Original cosponsors in the House include Reps. Ayanna Pressley, Mark Takano, Jesus "Chuy" Garcia, Grace Napolitano, Joseph Kennedy, Early Blumenauer, Rashida Tlaib, Alexandria Ocasio-Cortez, and Jimmy Gomez.
The End Polluter Welfare Act is also endorsed by Alaska Wilderness League Action Alaska's Big Village Network, Build A Movement 2020, Center for Biological DiversityClimate Hawks Vote, Data for Progress, Democratic National Committee Environment and Climate Crisis Council, Earth Action, Inc., Earthworks, ecoAmerica, Food & Water Action, Friends of the Earth, Global Witness, Greenpeace USA, International Marine Mammal Project of Earth Island Institute, National Children's Campaign, Ocean Conservation Research, Oil Change U.S., Oxfam America, Progressive Democrats of America, Sierra Club, Stand.earth, Sunrise Movement, SustainUS, Texas Campaign for the Environment, and Turtle Island Restoration Network.

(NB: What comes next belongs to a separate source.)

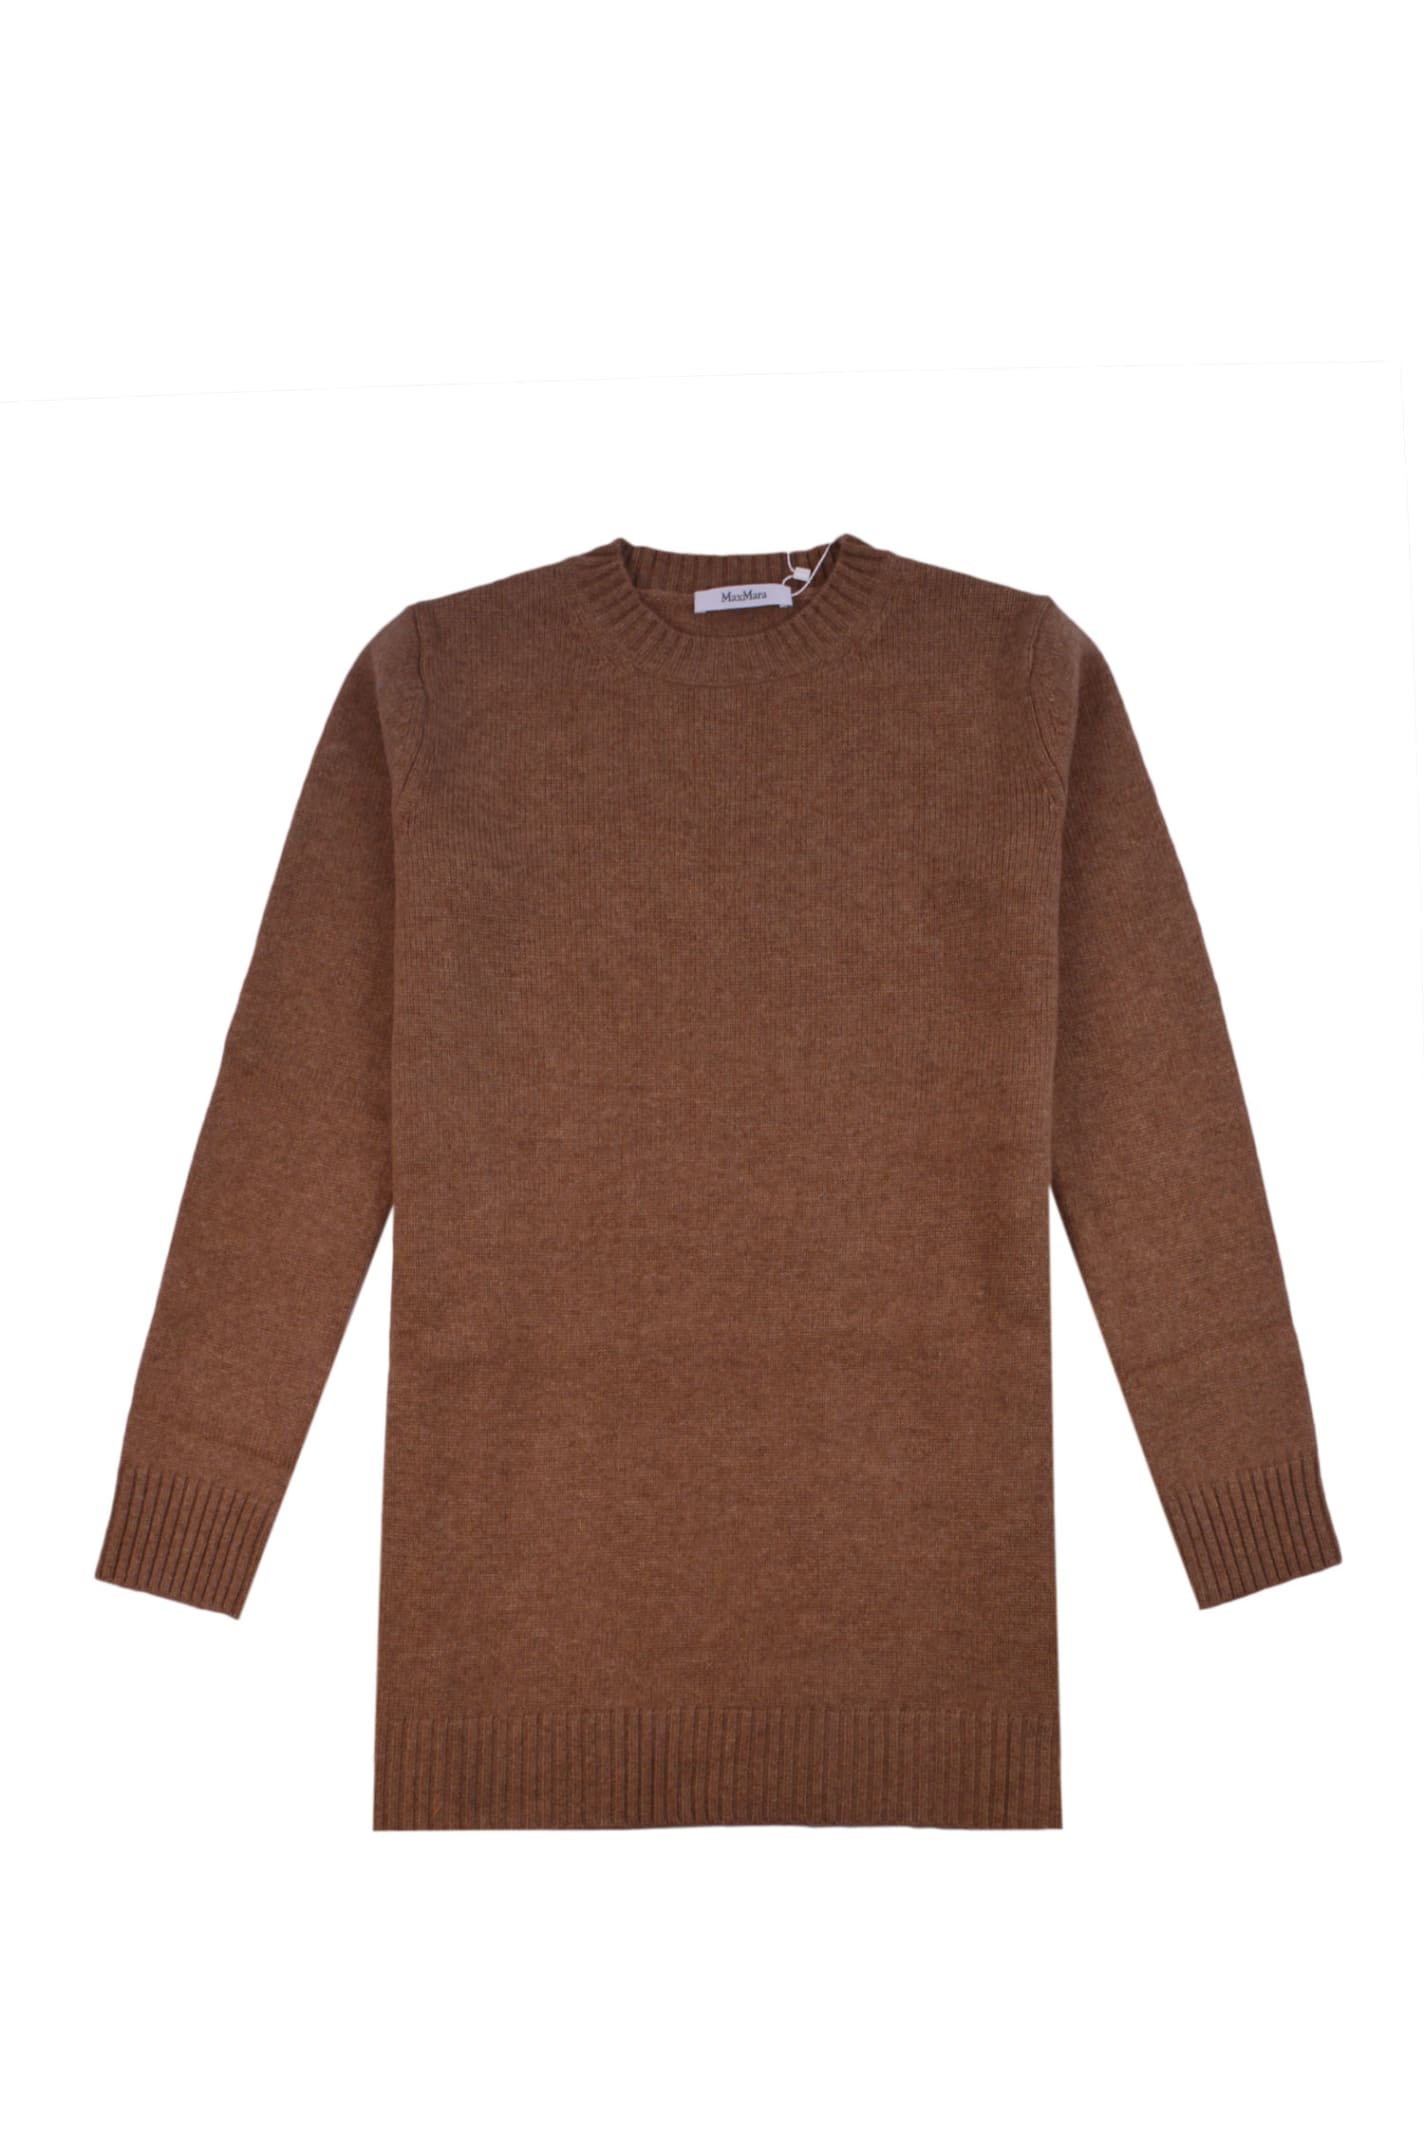 Max Mara Sweater In Brown

"Big Oil is already looking to exploit the coronavirus for even deeper giveaways from taxpayers. Today more than ever we need to protect people and the planet, not polluters and their profits. We thank Representative Omar and Senator Sanders for leading this important effort," said Lukas Ross, Program Manager at Friends of the Earth.
"Alaska has suffered from an economy primarily based on non-renewable mineral resource extraction, and the cancellation of contractually obligated royalties. It's a disaster," said Nikos Pasos, Alaska's Big Village Network.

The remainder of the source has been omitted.